Task requirements:
Leaving out all pictures, return exactly the lines from the one that contains "hardwood floor refinishing" through the end of the data below.

● ● ● ●

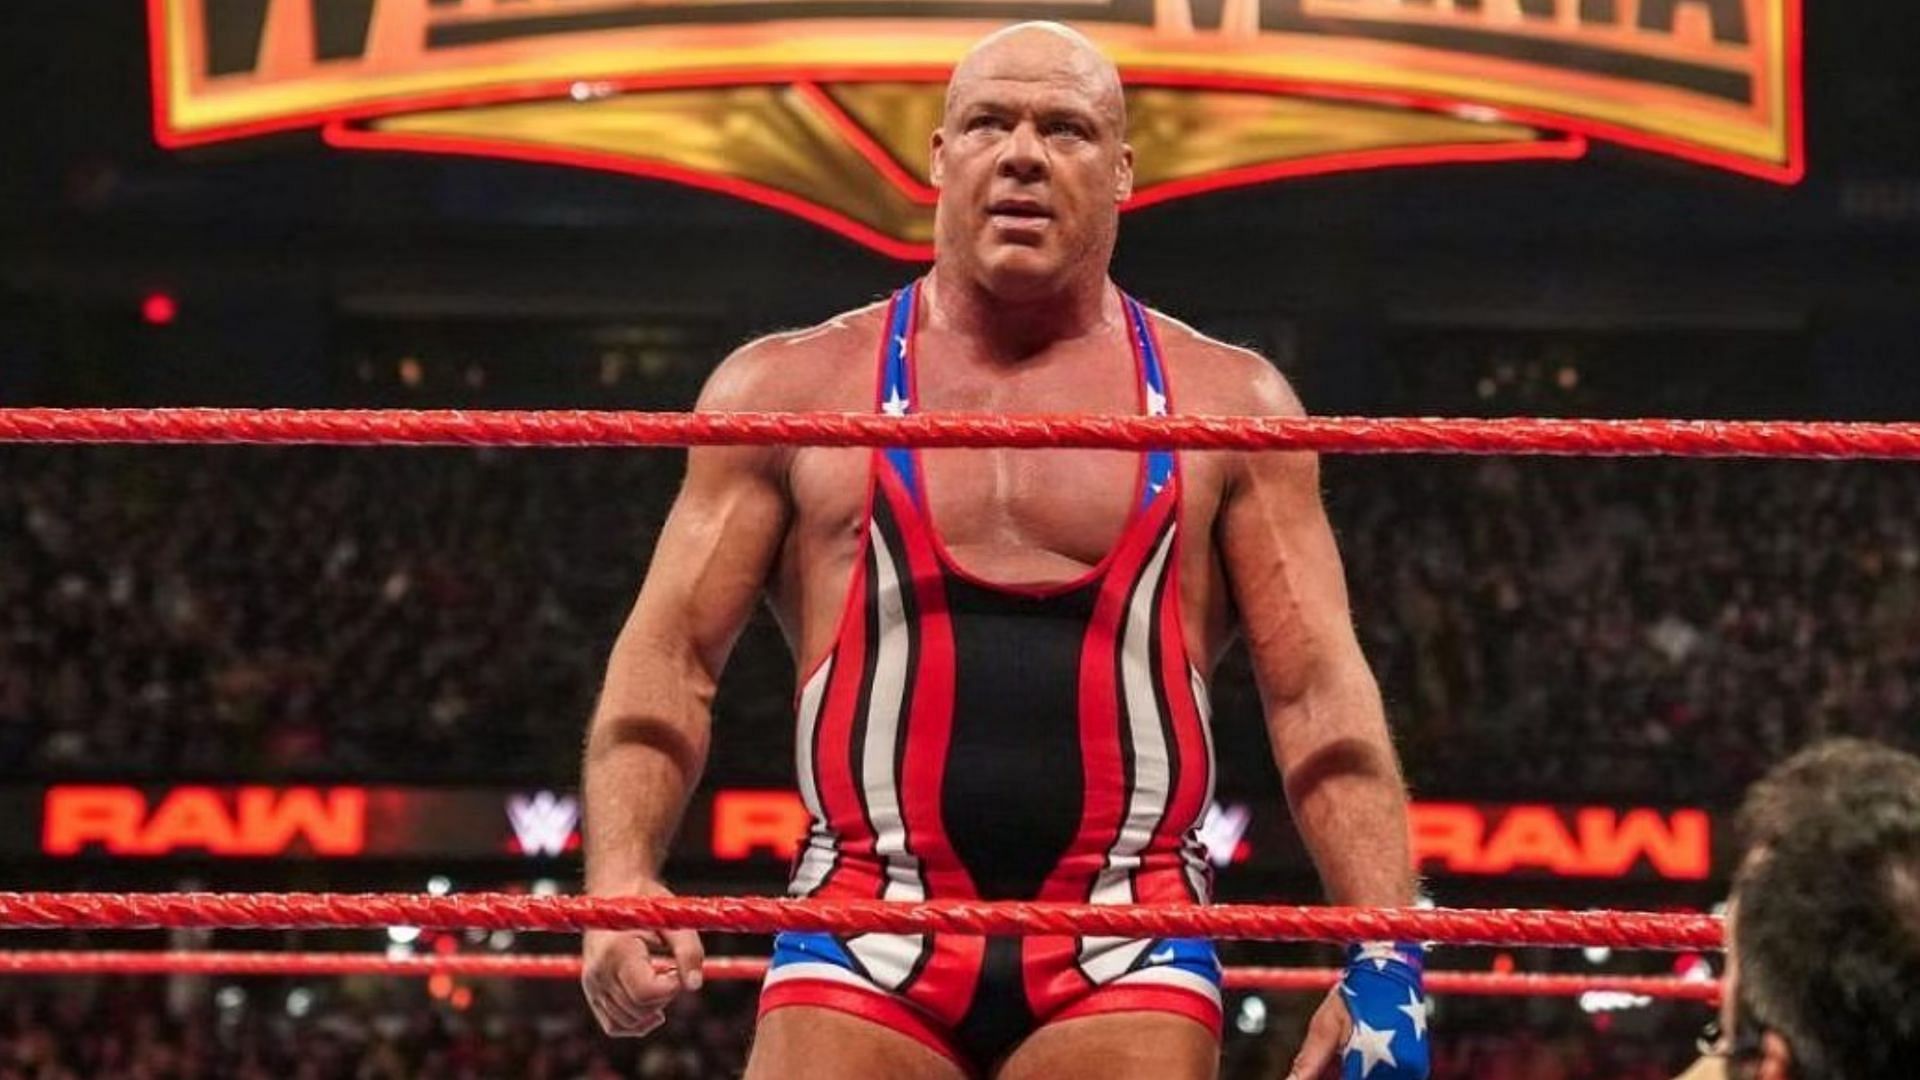 WWE Hall of Famer Kurt Angle retired in 2019
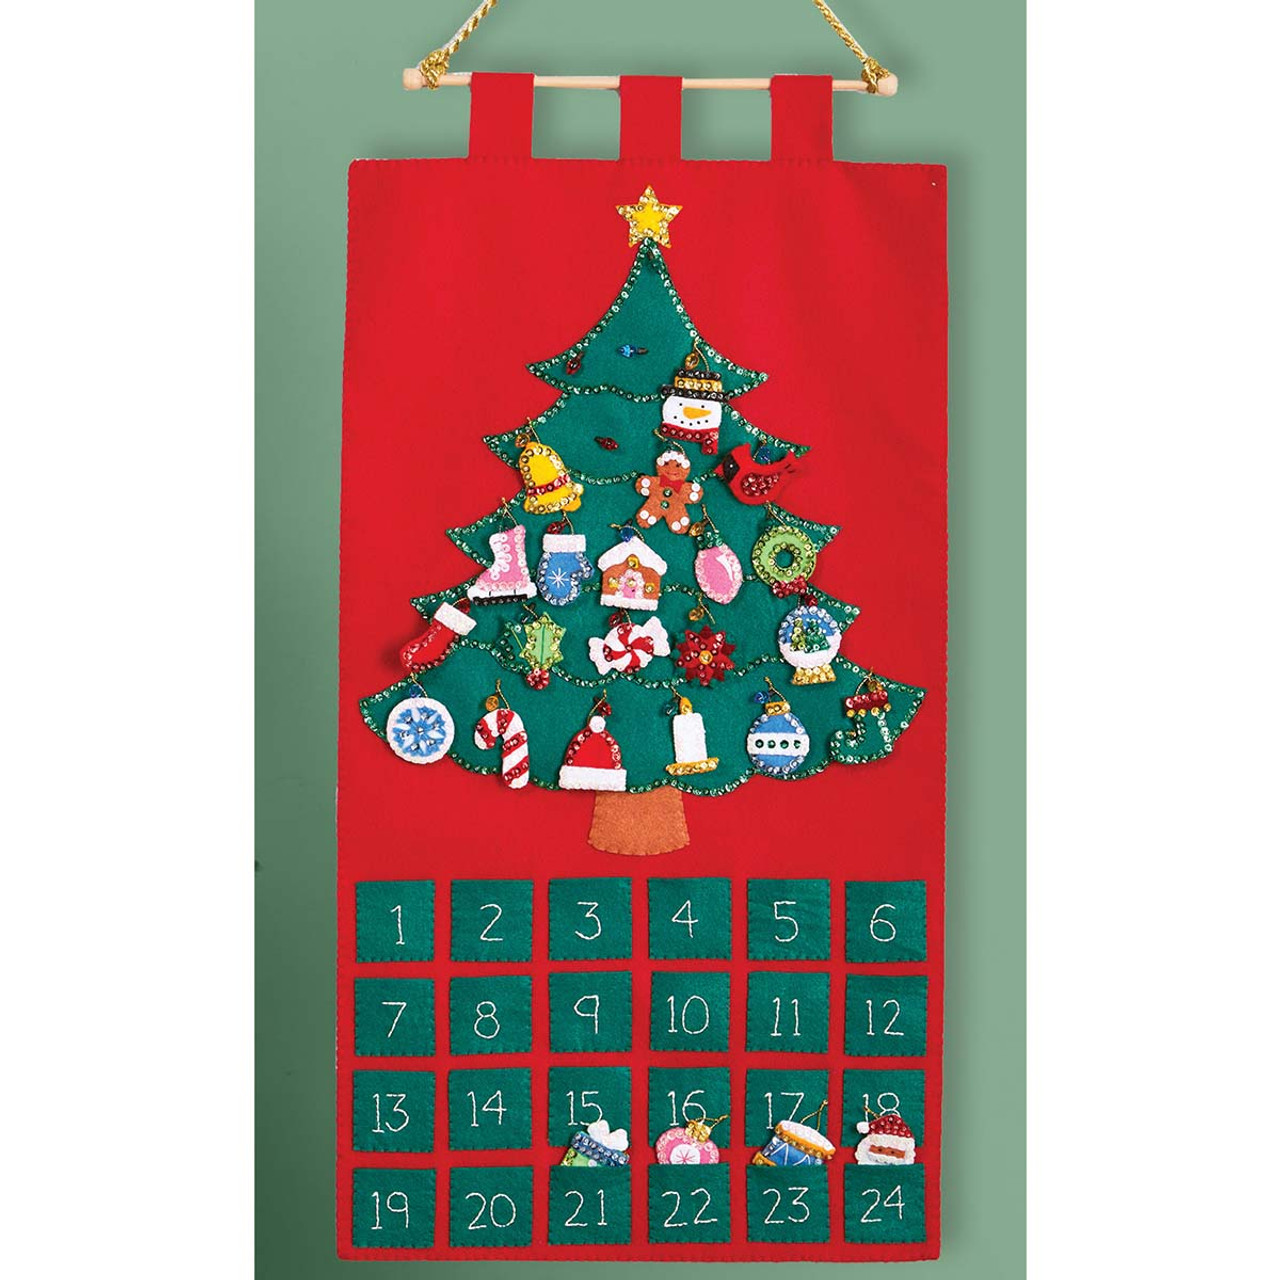 Christmas Diamond Art Kits: 25 Best Diamond Painting Kits to Add Sparkle to  Your Holiday Decorations, Holidays
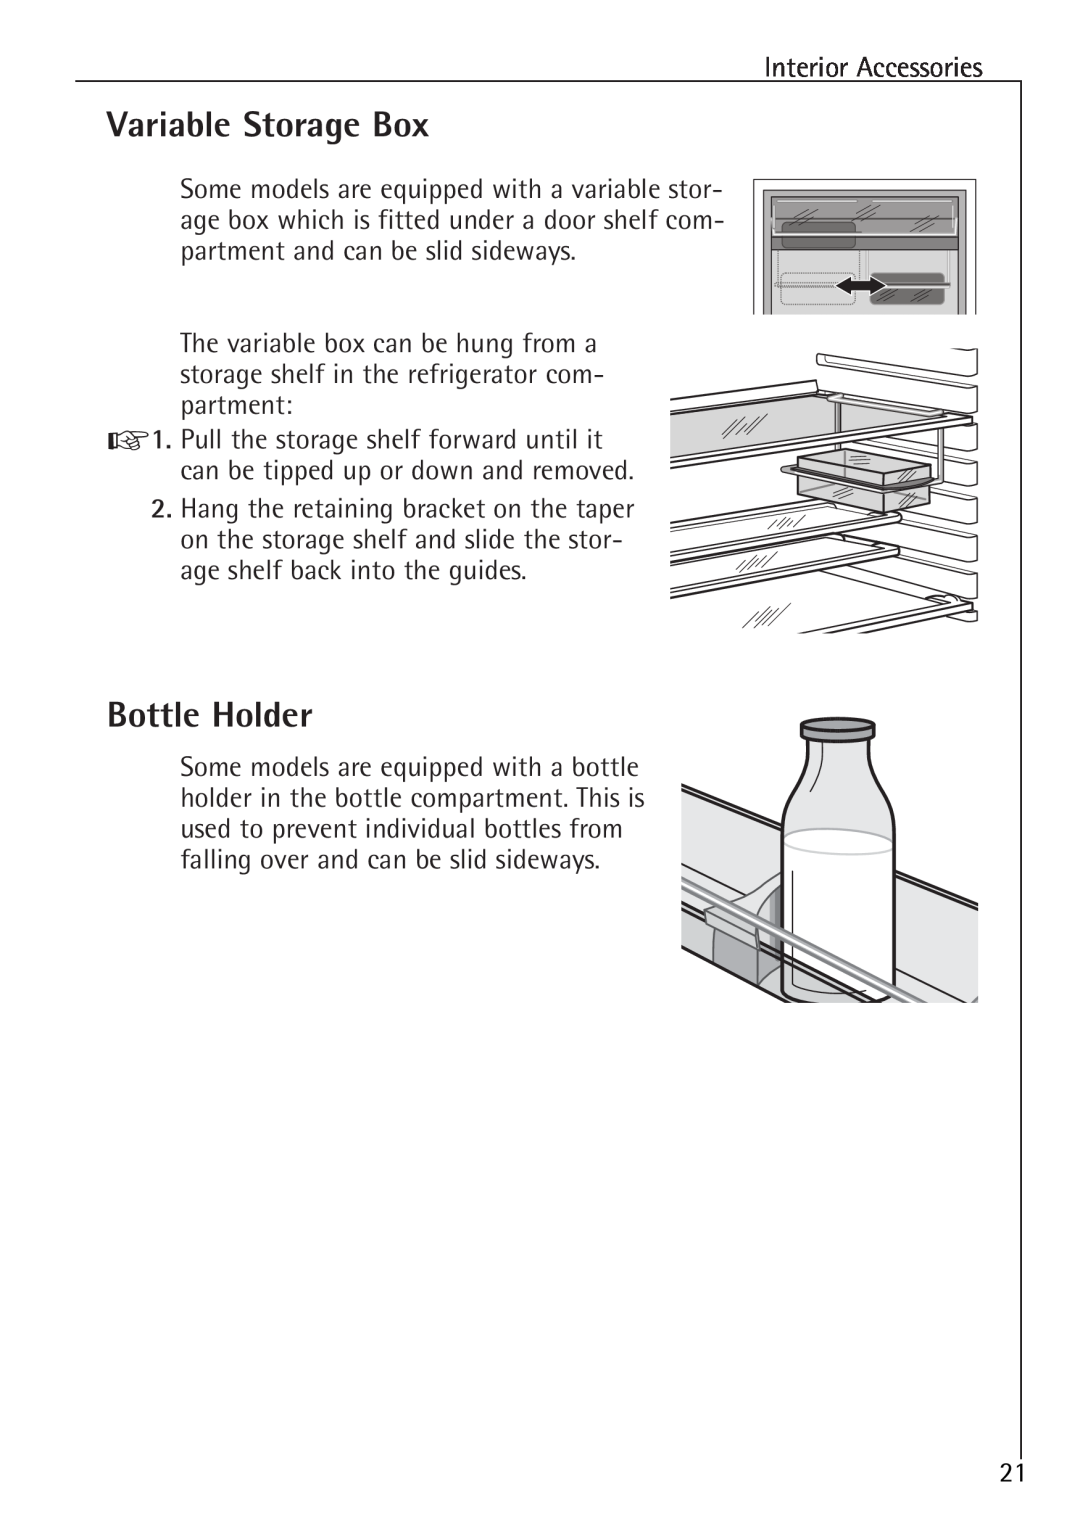 Electrolux U 86000-4 manual Variable Storage Box, Bottle Holder, Interior Accessories 
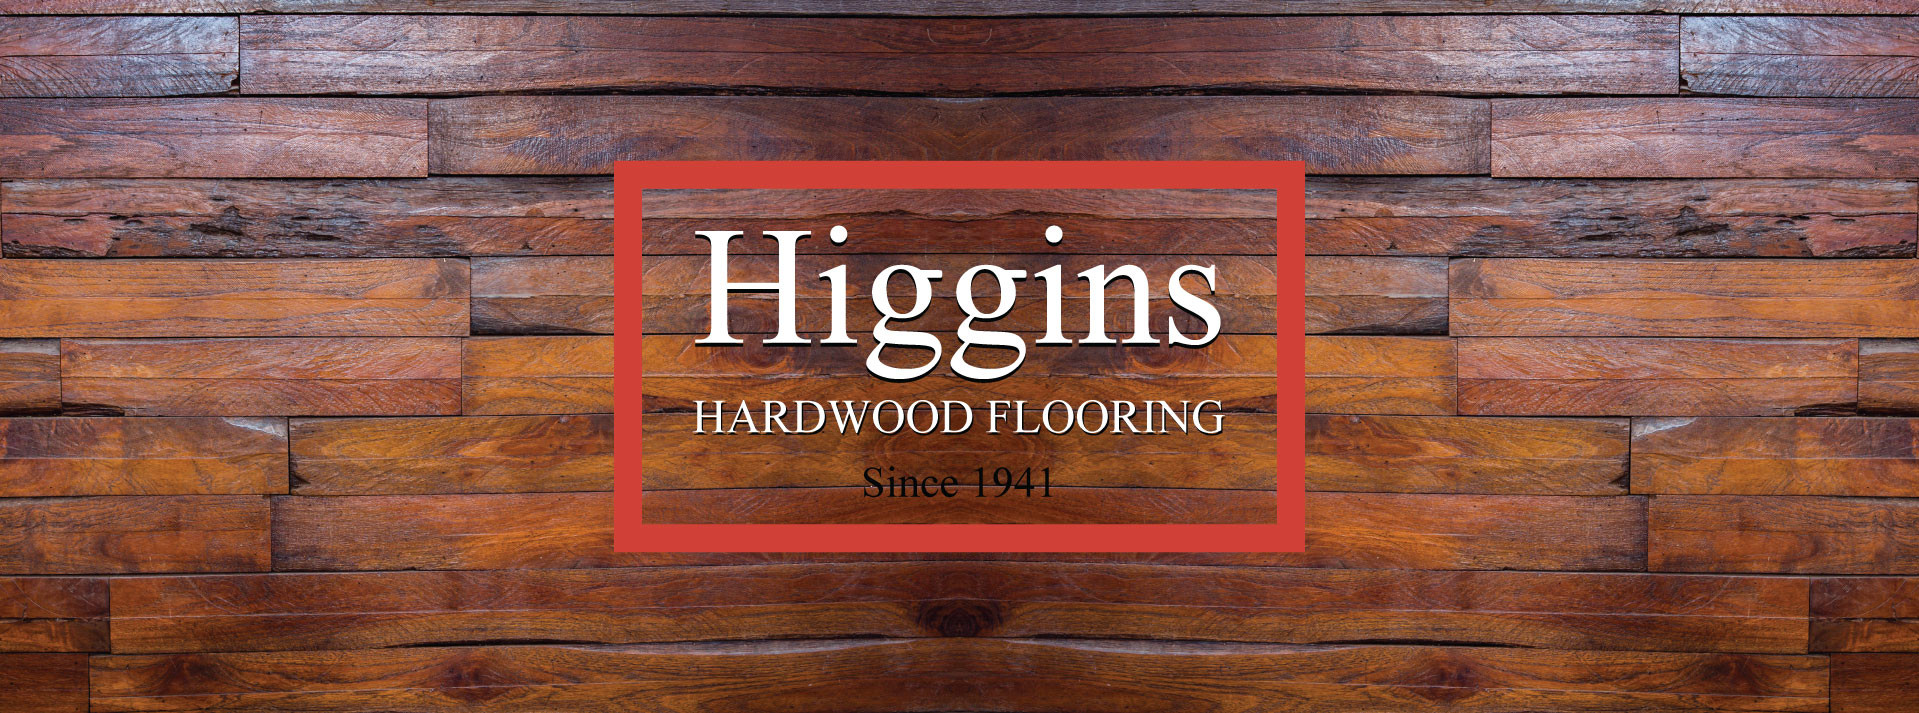 hardwood floor refinishing waterville me of higgins hardwood flooring in peterborough oshawa lindsay ajax inside office hours
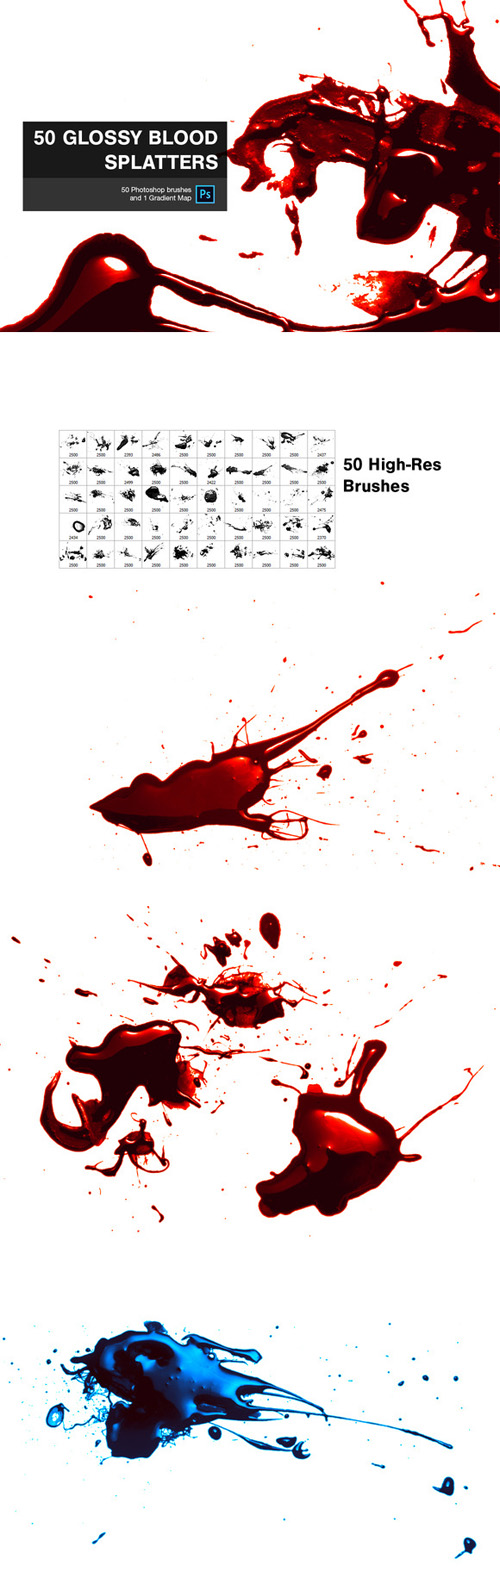 CreativeMarket - 50 Glossy Blood Splatters 90828
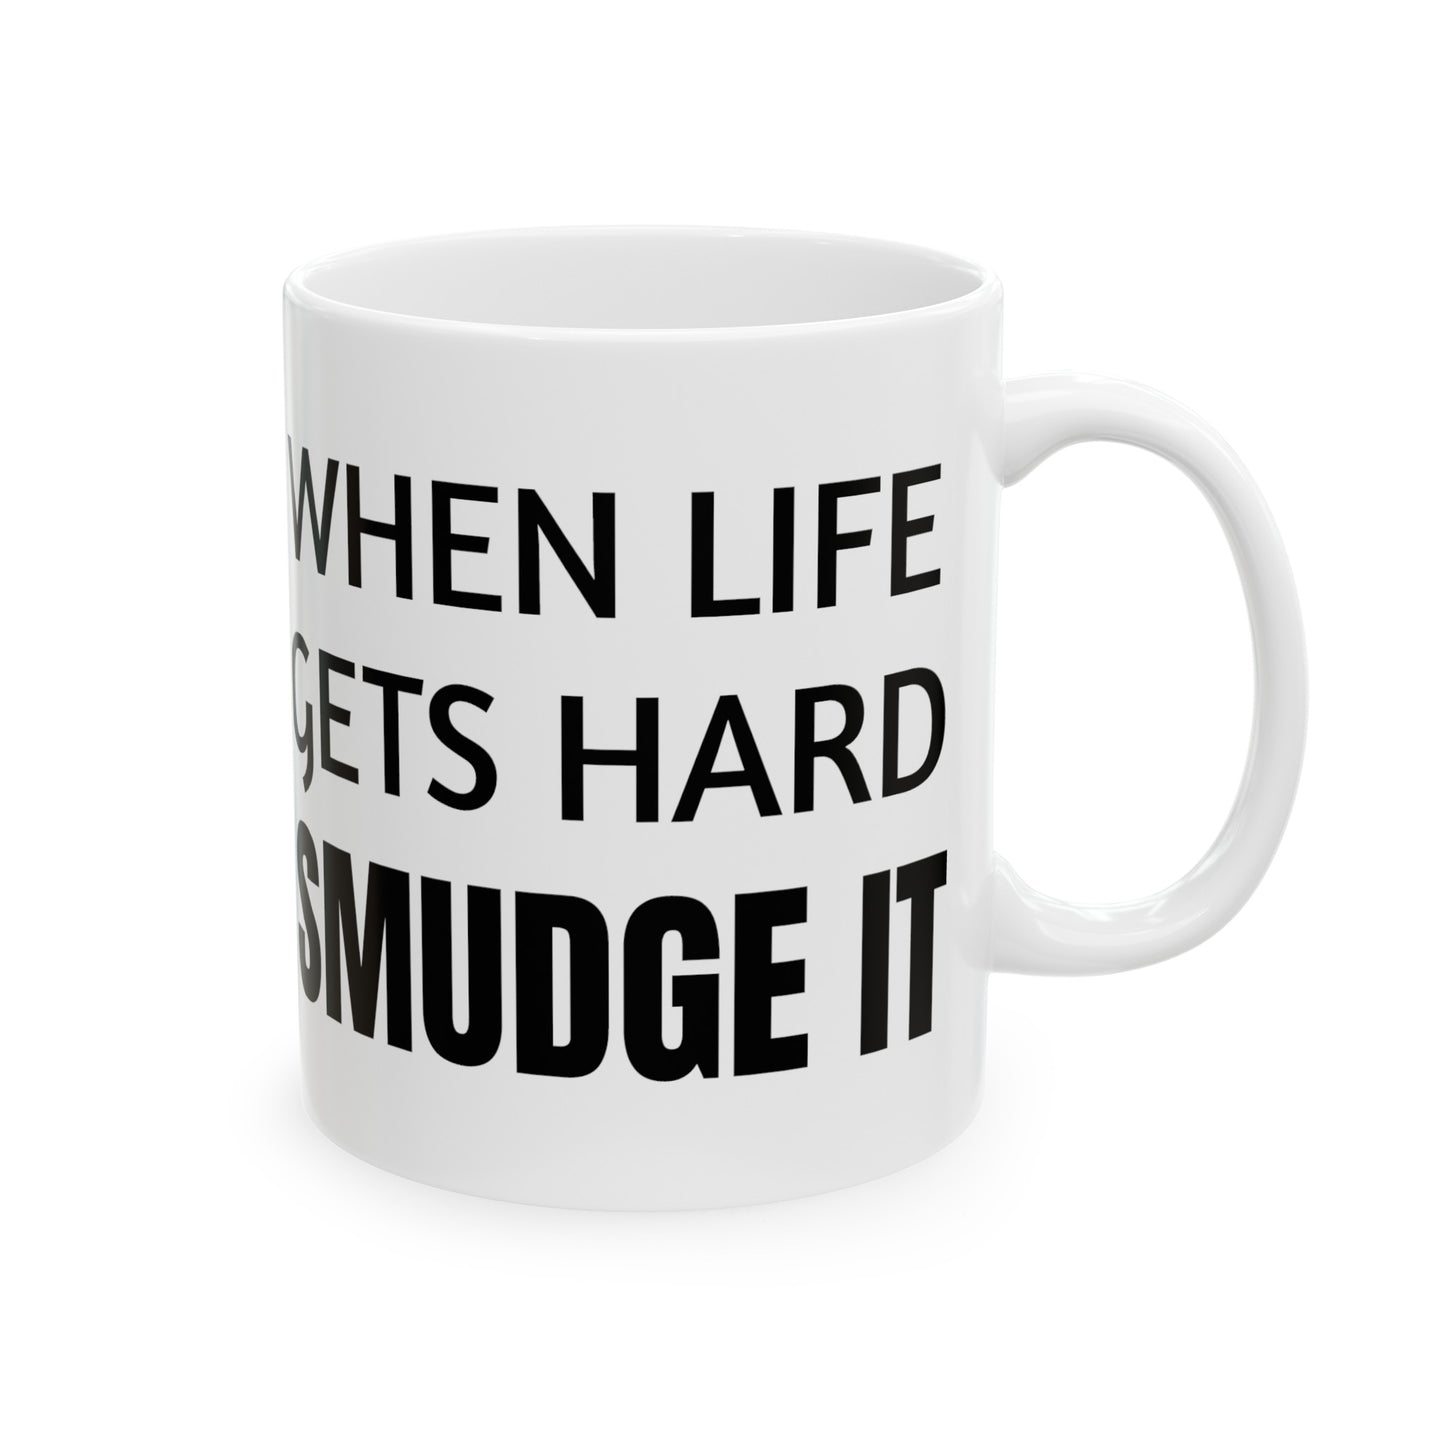 When Life Gets Hard Smudge It Ceramic Mug 11oz

● ● ● ●

Exercise result:
 hardwood floor refinishing waterville me of higgins hardwood flooring in peterborough oshawa lindsay ajax inside office hours
 CreativeMarket - 50 Glossy Blood Splatters 90828
 When Life Gets Hard Smudge It Ceramic Mug 11oz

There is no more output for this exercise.